MRI Driven Diagnostic Management Pathway - Task 1

Purpose

Detection, Anatomical Localization, and Scoring Likelihood of Clinically Significant Prostate Cancer on MRI

Tag(s)

 

Panel

 Abdominal

Define-AI ID

 22020022

Originator

 Martha Menchaca, Katarynza Macura

Lead  Martha Menchaca

Panel Chair

 Luther B. Adair II 

Panel Reviewers

 Luther B. Adair II, Prostate Imaging Subcommittee

License

 Creative Commons 4.0
Status

 Public Comment

RadElement Set   RDES226  
                               

Clinical Implementation


Value Proposition


Multiparametric magnetic resonance imaging (mpMRI) of the prostate is well established as a diagnostic tool for detection and localization of prostate cancer, allowing for targeted sampling of MRI-visible lesions that meet imaging criteria for clinically significant cancer. Known limitations of mpMRI include dependence on optimized imaging quality and experience of the interpreting radiologist, as well as false negativity in MR-visible prostate cancers and false positivity in mimickers of cancer. Thus, AI-driven diagnostic tool for automated detection and classification of prostatic lesions on mpMRI is needed to address the following challenges: 1) variable quality of mpMRI and quality-dependent degradation of imaging, 2) high inter-observer variability of human readers in the interpretation of mpMRI, 3) under-utilization of imaging data not perceptible by the human eye that could enhance detection capability of mpMRI. Successful delivery of the MRI-directed pathway for men with elevated PSA suspected of having prostate cancer relies on maximization of diagnostic capability of mpMRI. 

 

Narrative(s)

58-year-old man with PSA 3.0 ng/mL increasing to 4.0 ng/mL over 12 months, negative DRE, biopsy naïve. 

Workflow Description

The relevant images are obtained from the modality and sent to PAS and the AI engine based on anatomic landmarks. AI-driven automated imaging quality assessment tool processes T2-weighted imaging series and diffusion weighted imaging series to automatically screen for non-diagnostic images. 

Output: Scan flagged as diagnostic vs. non-diagnostic 

Actions: Non-diagnostic scan -> Notification system to alert MRI technologist that imaging quality is non-diagnostic, repeat scan advised; Diagnostic scan -> Acceptance of scan for automated lesion detection task.

Future development: Image quality metric PI-QUAL may be used to score prostate imaging quality rather than using a binary system. AI-driven automated imaging quality assessment tool will detect 90% of non-diagnostic scans.

Considerations for Dataset Development


Procedures

{Multiparametric MRI (DW) Prostate with contrast (DCE MRI), without contrast:}

View(s)

{Basic Parameters}

  • Slice thickness: 3-4 mm without gap

  • Field of View (FOV): 12-20 cm covering the entire prostate and seminal vesicles

  • In plane dimension: <0.7 mm (phase) x <0.4 mm (frequency)


{DW MRI Specifications}

  • Echo Time (TE) < 90 msec; Repetition time (TR) > 3,000 msec

  • Slice Thickness: < 4mm without gap

  • FOV: 16-22 cm covering entire prostate and seminal vesicles

  • In-plane dimensions: <2.5 mm (phase and frequency)


{DCE MRI}

  • TR/TE: <100 mxed/ <5 sec

  • Slice Thickness: 3 mm without gap

  • FOV: 12-20 cm covering the entire prostate and seminal vesicles

  • In plane dimension: <2 mm (phase and frequency)

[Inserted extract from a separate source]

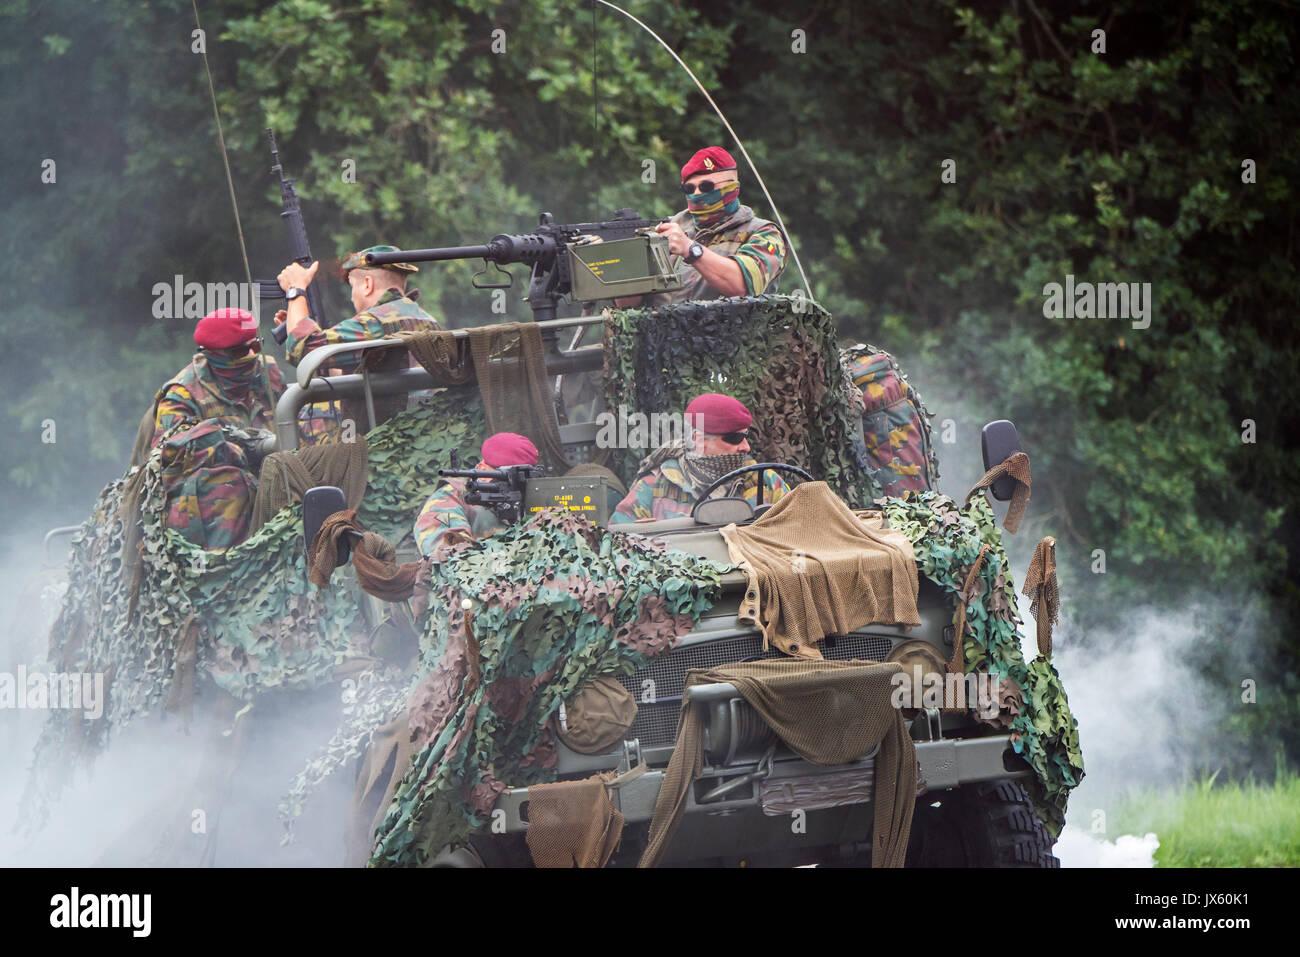 belgian-paracommandos-of-the-para-commando-regiment-under-attack-in-JX60K1.jpg

  • Temporal resolution: <10 sec (<7 sec is referred)

  • Total scanning time: >2 min

  • GBCA dose: 0.1mmol/kg, injection rate of 2-3 cc/sec


Age

[0,90]

Sex at Birth

{Male}

  • PSA

  • RACE

  • FAMILY HISTORY

  • GENOMIC PROFILE

Technical Specifications



Inputs

 

DICOM Study

Procedure

Multiparametric MRI (DW) Prostate with contrast (DCE MRI), without contrast:

Views


Data Type

DICOM

Modality

MRI

Body Region

Prostate

Anatomic Focus

Prostate



Primary Outputs


Detection of Diagnostic versus Non-Diagnostic

RadElement ID

RDE1464

Definition

Detection of Diagnostic versus Non-Diagnostic

Data Type

Categorical

Value Set

  • Diagnostic

  • Non-Diagnostic

Units

N/A

Future Development Ideas


Follow-up with institutional trials, open data science access, and distribution consideration. Future development: image quality metric PI-QUAL may be used to score prostate imaging quality rather than using a binary system.